Like many parents, Davenport’s mother is opinionated, and the two have had a continual power struggle when those opinions cross boundaries.

“I’m middle aged, for god’s sake,” she laments. “And having someone try to parent you is annoying.”

Davenport’s story is typical of many Baby Boomers who now make up the Sandwich Generation – middle-aged adults who care for both children and parents.

As editor of Today’s Caregiver and Caregiver.com, Gary Barg understands her struggles, and offers a wealth of advice for those facing her predicament.

Barg says setting specific ground rules for private space and family responsibilities – even duties for parents – is important to this new living arrangement.

“As with most important family conversations, honesty is truly the best policy,” he says.

Barg asks children to try to understand the immense frustrations of once-vibrant parents now slowed by age, hearing loss, and a maddening lack of independence.

In fact, “bossy” parents are often “just trying to establish their value in a new and confusing family structure.”

To help parents feel valued, involve them substantively in how the house operates, he suggests. Offer them gardening space. Ask them what groceries to buy. Suggest they cook a signature meal. For those less agile, even folding a load of laundry will help them feel important.

“No matter what your senior loved ones’ present cognitive capabilities, they have lived a long and valued life and need to feel that they have not lost their ability to contribute,” he says. “Try and find something that they can be in charge of or even help you with…. Even if their cognitive abilities are not what they used to be, they will always appreciate being respected.”

Perhaps most critical for aging adults is to have their hearing checked, he adds. Failing eyesight and mobility quickly produce glasses and canes, but audio-related problems are often overlooked – possibly because of the stigma attached to wearing once-clunky hearing aids.

“There are so many advances in hearing technologies that an appointment to an audiologist is crucial when you think your loved one is having hearing issues,” he says. “My first suggestion is to make an appointment for yourself as an ice-breaker and make one for your loved one at the same time.”

Yet what to do about those questions repeated over and over again?

Do your best to put yourself in the position of the older adult, he advises, and realize for older adults struggling with cognitive decline, they are asking that question for the first time, every time. Try to see beyond your own frustrations. And realize the limited days you have together are precious.

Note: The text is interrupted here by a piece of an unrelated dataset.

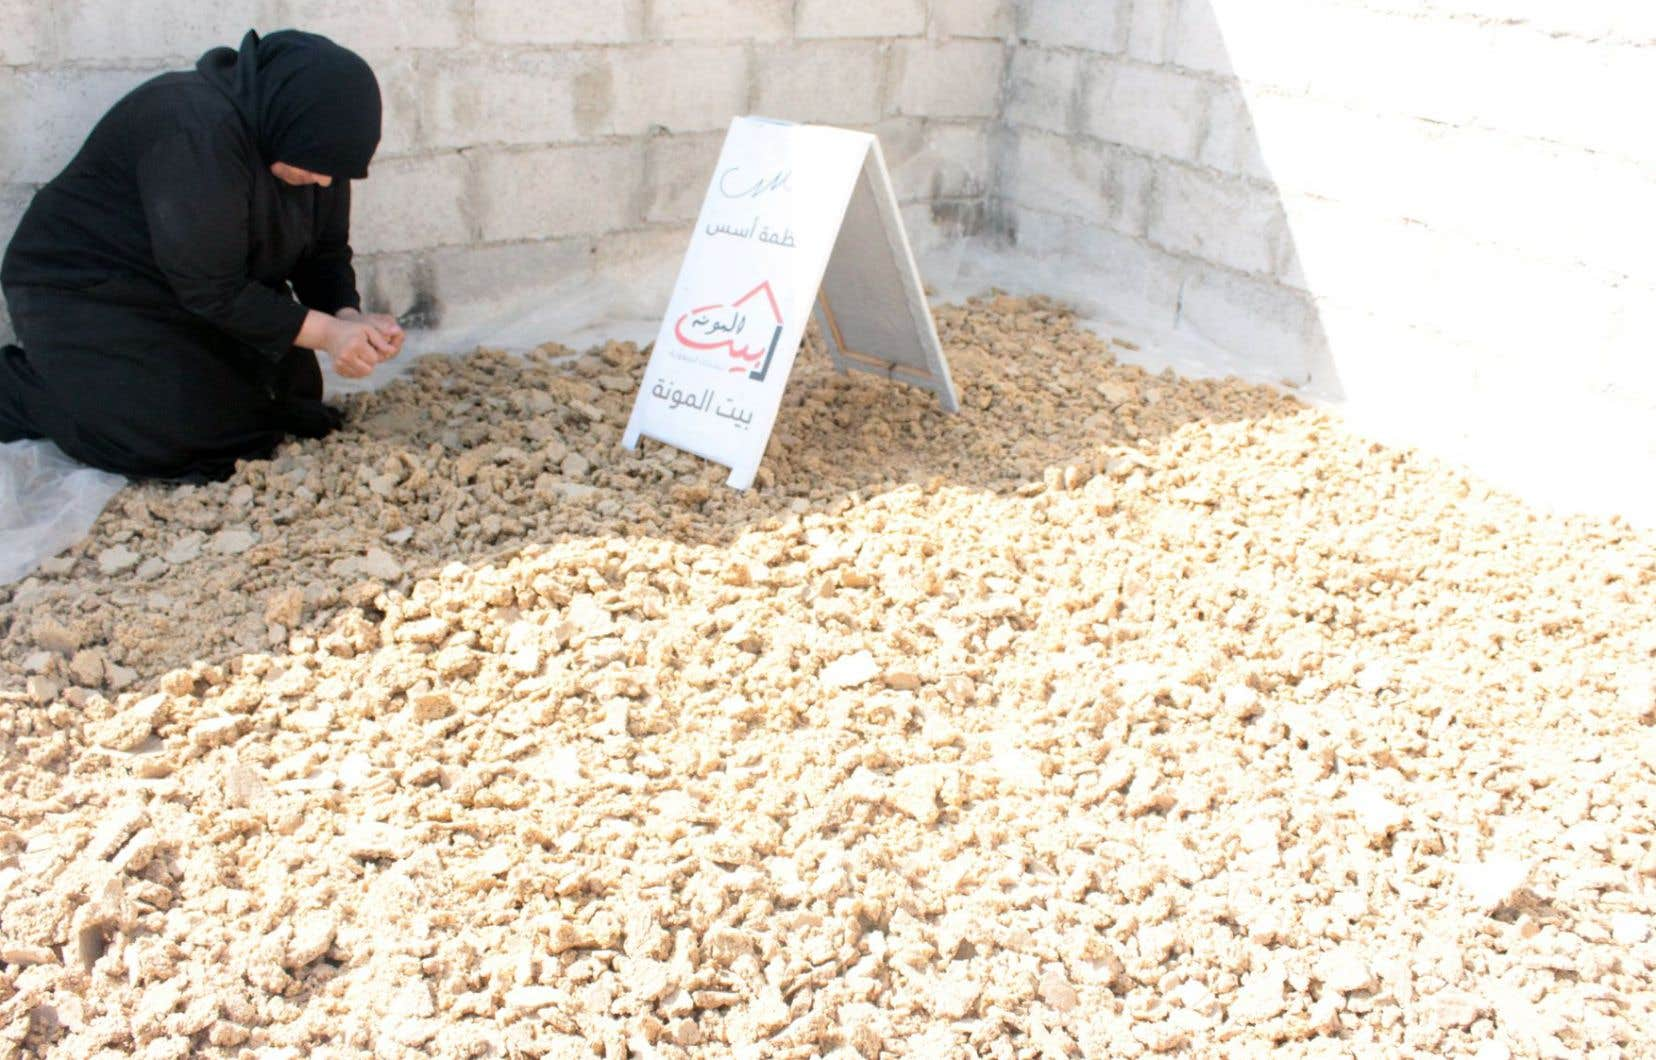 Hayfa nettoie le blé qui sera utilisé pour faire du kechek, une préparation de yogourt fermenté et de blé concassé qui fera partie du panier alimentaire.

Despite Davenport’s challenges, she says the experience of “mom as roommate” is beneficial – especially for her children who can watch these multigenerational growing pains.

“Because we’re going to be there too,” she says. “And how do we want to be treated? If we’re not respectful of our elders, (our kids are) not going to be either.”

Barg says caring compassionately for everyone is essential to the relationship’s success.

“If I was given one wish, it would be that caregivers do not feel the guilt, shame and fear that often accompanies our caregiving,” he says.

Offering a helping hand to all generations – no matter what age – is an important life lesson illuminated by that poignant letter.

“And when my old, tired legs don’t let me move as quickly as before, give me your hand the same way that I offered mine to you when you first walked.”